Aliyun provide free GPU time in [Freetier](https://free.aliyun.com/?product=9602825&crowd=enterprise&spm=5176.28055625.J_5831864660.1.e939154aRgha4e&scm=20140722.M_9974135.P_110.MO_1806-ID_9974135-MID_9974135-CID_30683-ST_8512-V_1), get it and use in Aliyun PAI-DSW to start CogVideoX-Fun within 5min!
[![DSW Notebook](https://pai-aigc-photog.oss-cn-hangzhou.aliyuncs.com/easyanimate/asset/dsw.png)](https://gallery.pai-ml.com/#/preview/deepLearning/cv/cogvideox_fun)
#### b. From ComfyUI
Our ComfyUI is as follows, please refer to [ComfyUI README](comfyui/README.md) for details.
![workflow graph](https://pai-aigc-photog.oss-cn-hangzhou.aliyuncs.com/cogvideox_fun/asset/v1/cogvideoxfunv1_workflow_i2v.jpg)
#### c. From docker
If you are using docker, please make sure that the graphics card driver and CUDA environment have been installed correctly in your machine.
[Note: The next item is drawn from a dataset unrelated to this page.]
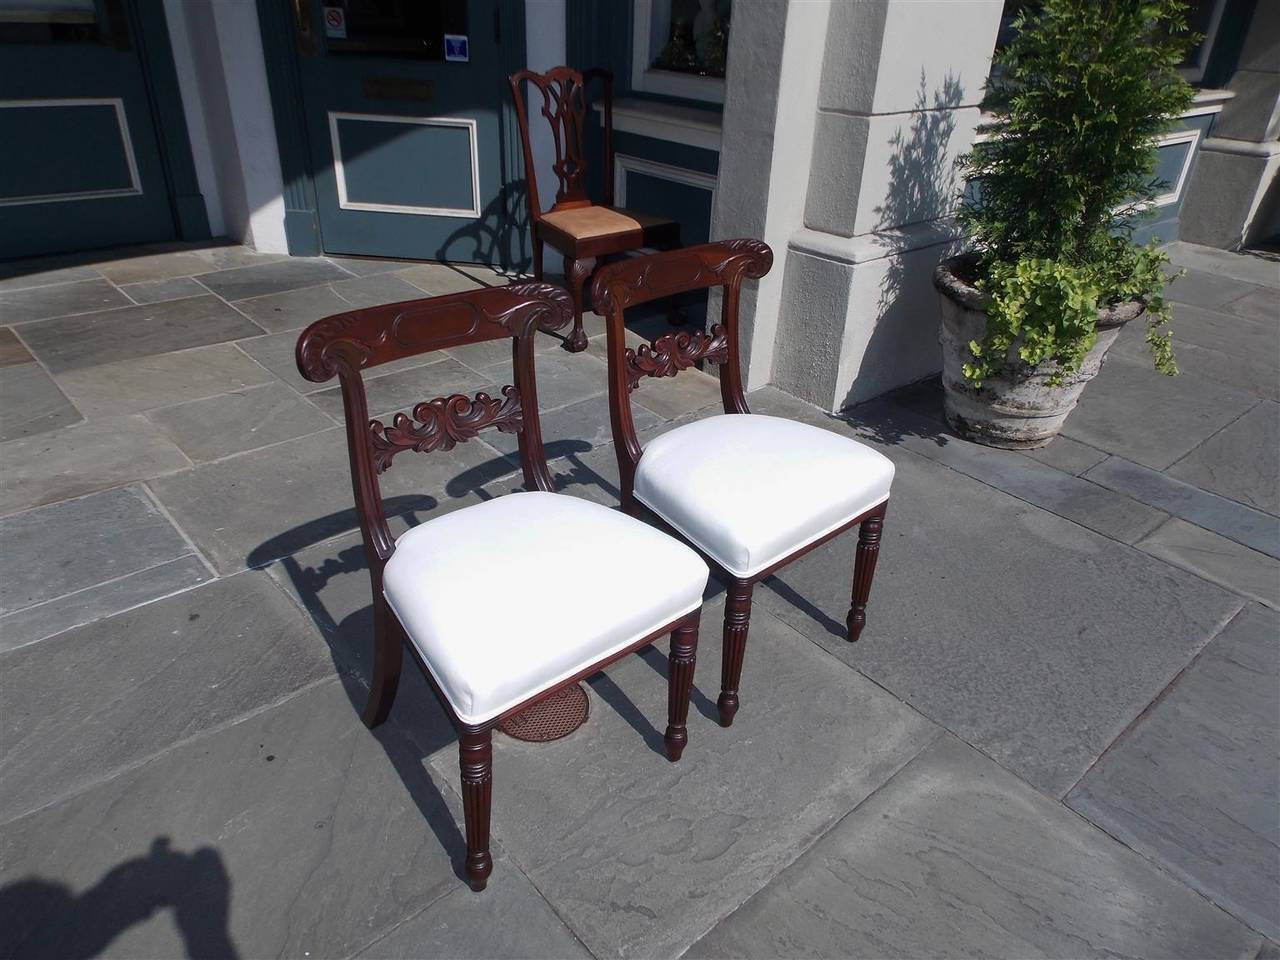 Pair of American Regency mahogany side chairs with carved acanthus and lotus splat backs, white muslin upholstered seat bottoms, and terminating on turned bulbous reeded legs, Early 19th Century. Baltimore.

Then execute the following commands in this way:
```
# pull image
docker pull mybigpai-public-registry.cn-beijing.cr.aliyuncs.com/easycv/torch_cuda:cogvideox_fun
# enter image
docker run -it -p 7860:7860 --network host --gpus all --security-opt seccomp:unconfined --shm-size 200g mybigpai-public-registry.cn-beijing.cr.aliyuncs.com/easycv/torch_cuda:cogvideox_fun
# clone code
git clone https://github.com/aigc-apps/CogVideoX-Fun.git
# enter CogVideoX-Fun's dir
cd CogVideoX-Fun
# download weights
mkdir models/Diffusion_Transformer
mkdir models/Personalized_Model
# Please use the hugginface link or modelscope link to download the model.
# CogVideoX-Fun
# https://huggingface.co/alibaba-pai/CogVideoX-Fun-V1.1-5b-InP
# https://modelscope.cn/models/PAI/CogVideoX-Fun-V1.1-5b-InP
# Wan
# https://huggingface.co/alibaba-pai/Wan2.1-Fun-14B-InP
# https://modelscope.cn/models/PAI/Wan2.1-Fun-14B-InP
```
### 2. Local install: Environment Check/Downloading/Installation
#### a. Environment Check
We have verified this repo execution on the following environment:
The detailed of Windows:
- OS: Windows 10
- python: python3.10 & python3.11
- pytorch: torch2.2.0
- CUDA: 11.8 & 12.1
- CUDNN: 8+
- GPU: Nvidia-3060 12G & Nvidia-3090 24G
The detailed of Linux:
- OS: Ubuntu 20.04, CentOS
- python: python3.10 & python3.11
- pytorch: torch2.2.0
- CUDA: 11.8 & 12.1
- CUDNN: 8+
- GPU:Nvidia-V100 16G & Nvidia-A10 24G & Nvidia-A100 40G & Nvidia-A100 80G
We need about 60GB available on disk (for saving weights), please check!
#### b. Weights
We'd better place the [weights](#model-zoo) along the specified path:
```
📦 models/
├── 📂 Diffusion_Transformer/
│ ├── 📂 CogVideoX-Fun-V1.1-2b-InP/
│ ├── 📂 CogVideoX-Fun-V1.1-5b-InP/
│ ├── 📂 Wan2.1-Fun-14B-InP
│ └── 📂 Wan2.1-Fun-1.3B-InP/
├── 📂 Personalized_Model/
│ └── your trained trainformer model / your trained lora model (for UI load)
```
# How to Use
<h3 id="video-gen">1. Generation</h3>
#### a. GPU Memory Optimization
Since Wan2.1 has a very large number of parameters, we need to consider memory optimization strategies to adapt to consumer-grade GPUs. We provide `GPU_memory_mode` for each prediction file, allowing you to choose between `model_cpu_offload`, `model_cpu_offload_and_qfloat8`, and `sequential_cpu_offload`. This solution is also applicable to CogVideoX-Fun generation.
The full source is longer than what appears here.